The Next Version of JS, ECMAScript 2015, is Now Standard

The ECMA International committee approved the specification for the next version of JavaScript this week (remember, different versions of JavaScript are called ECMAScript mainly due to the trademark on "Java"). Like most standards, the new features have been known about for a while, and this week just opened the final door towards public validation and acceptance of this next version.

And man, did ECMAScript 2015 (that's the final, official name for it) have a lot of aliases. ES Harmony, ES.Next, and ECMAScript 6 (which made the most sense to me).

But now it's finally time for browsers to start supporting all these wonderful new features, like classes, modules, promises, maps, sets, and generators. Be sure to check out the full feature list with examples of each in this excellent set of community docs on GitHub.
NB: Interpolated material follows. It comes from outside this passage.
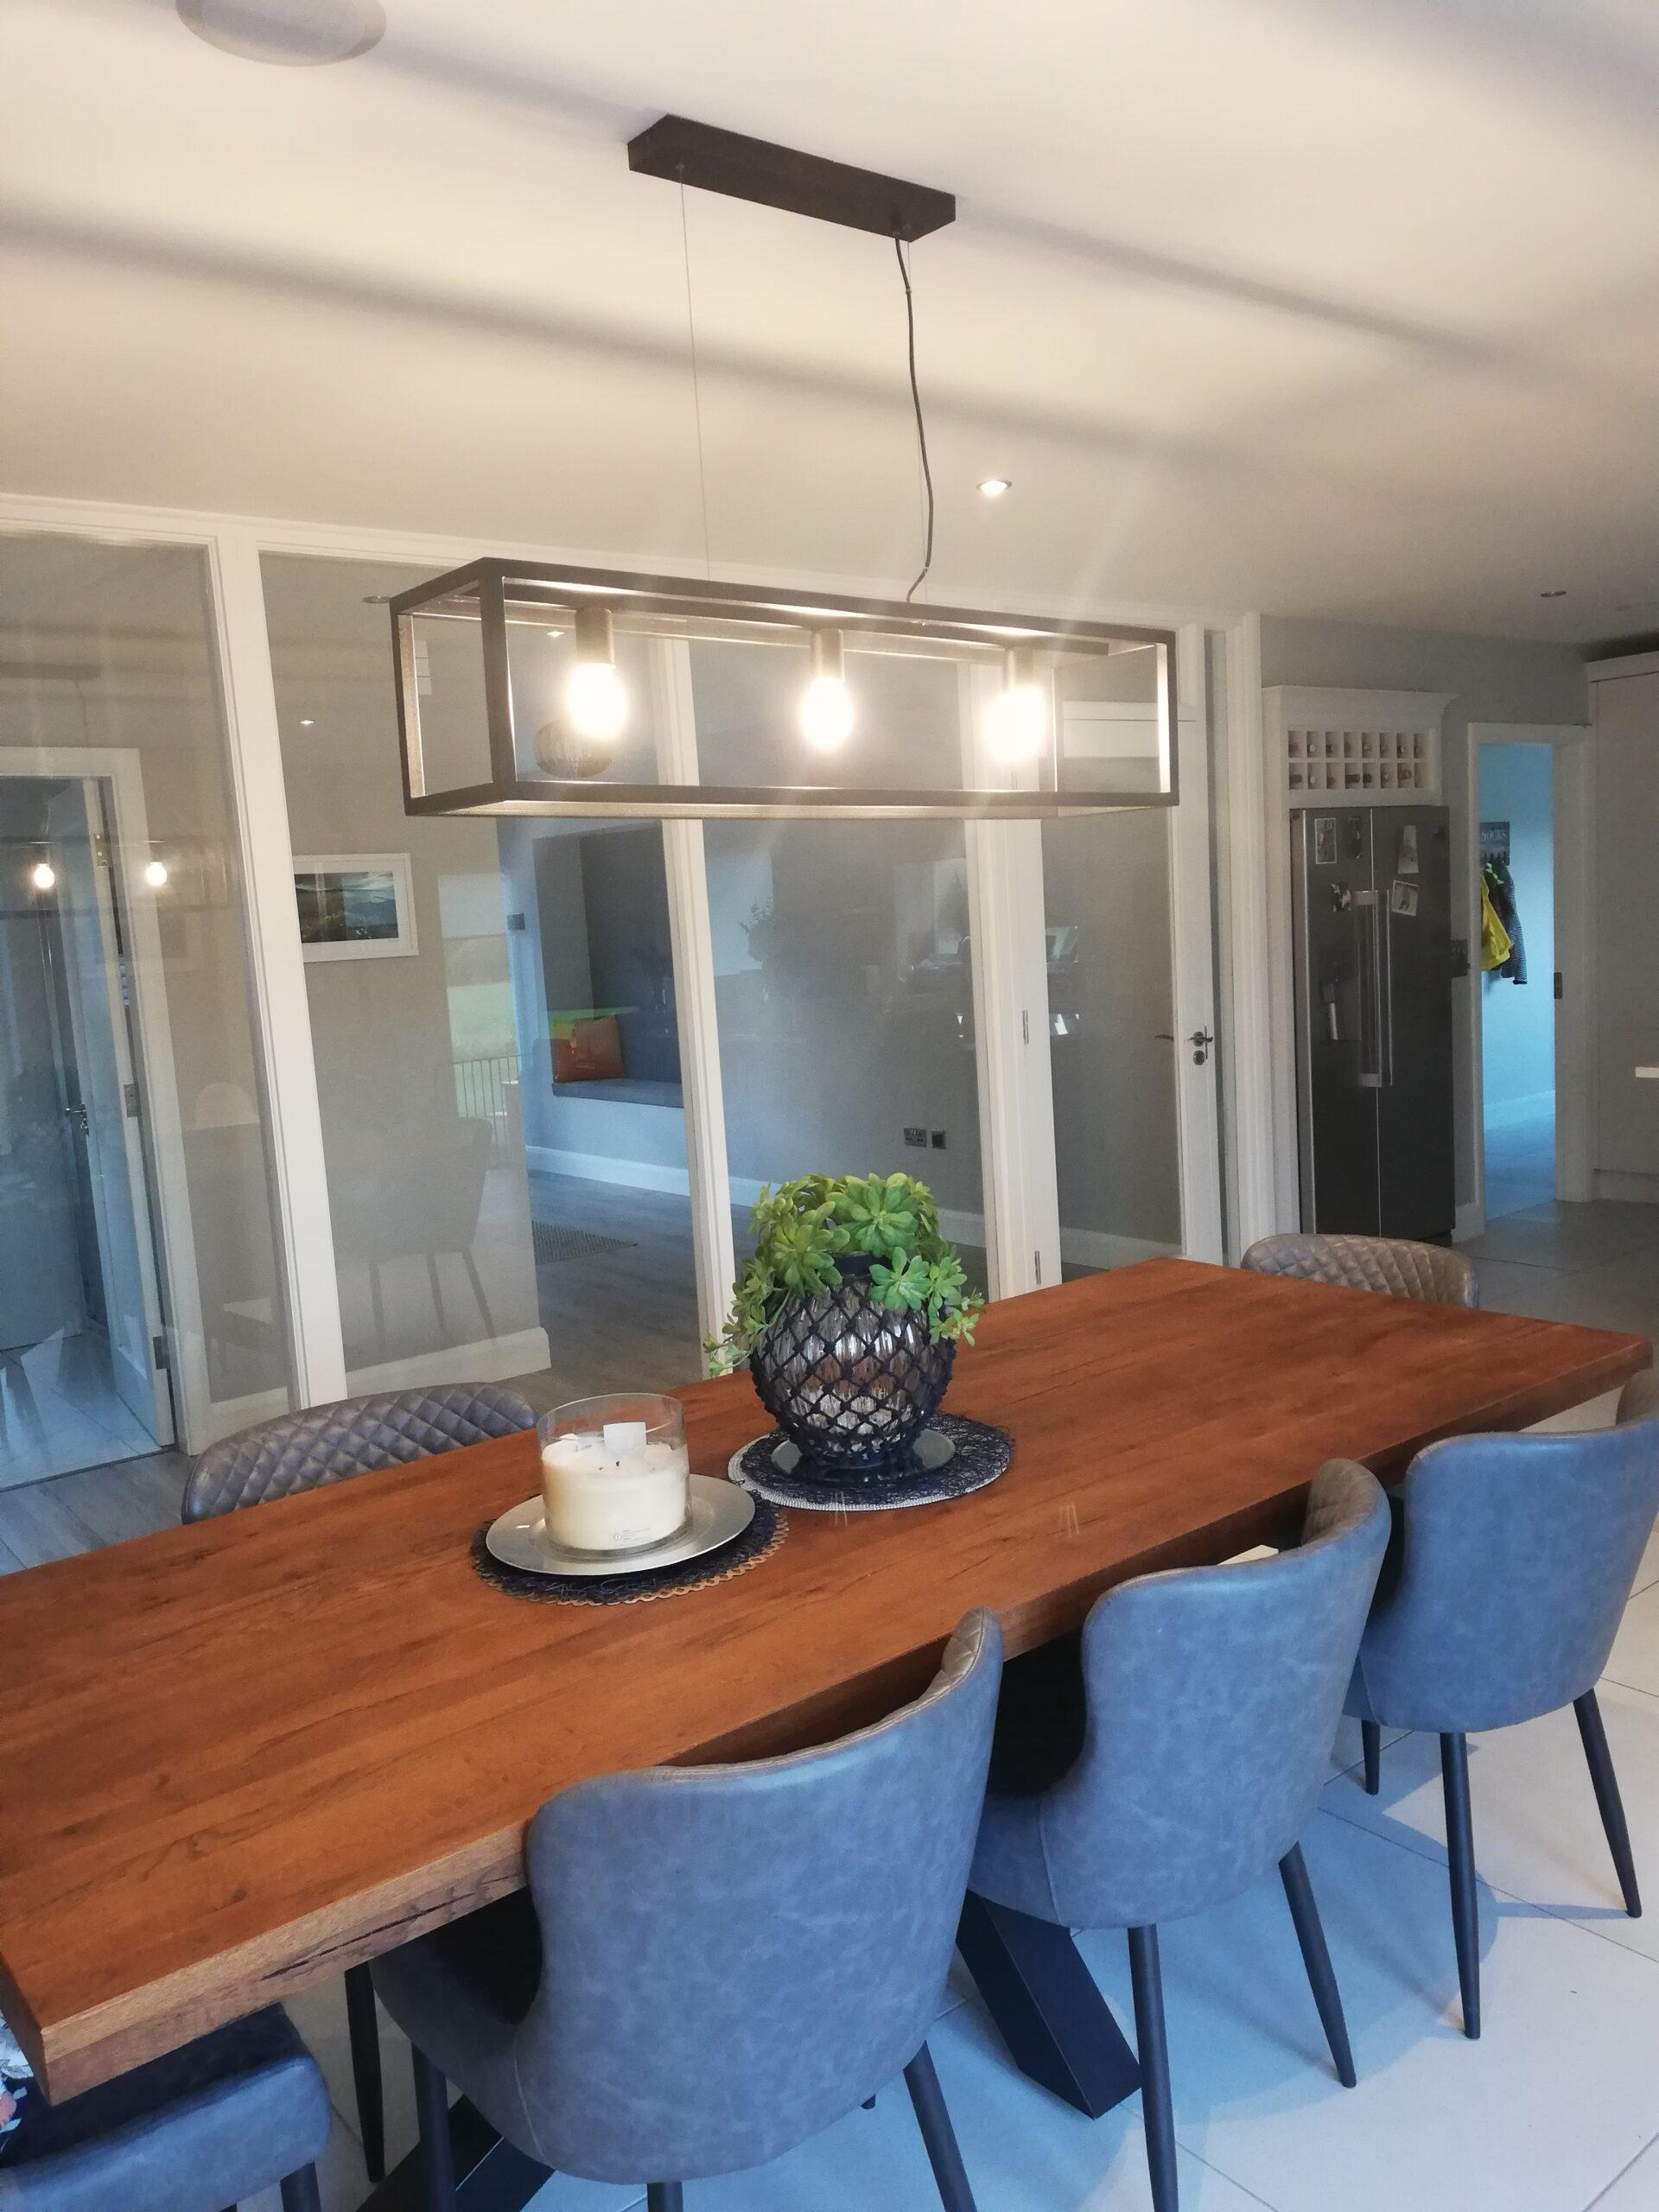 Lighting Design New Build Home

Of course, developers have been able to get ahead of the curve and start using some of these features already because some browsers are ahead of the curve as well.  Here's the link to a well-organized chart on ES 2015 browser support:

ECMAScript 2015 Browser Support


WebAssembly: An Optimized Universal Language Target for the Web

"... the dream of a universal, language-neutral intermediate form goes back to well before Melvin Conway‘s UNCOL (1958, the same year LISP was born)." Brendan Eich (JS creator) pointed out this little history lesson as he made the world-shaking announcement yesterday that a W3C community group called the WebAssembly CG would begin a multi-year endeavor to build a new intermediate representation language (IRL), called WebAssembly, that will be compatible with any browser.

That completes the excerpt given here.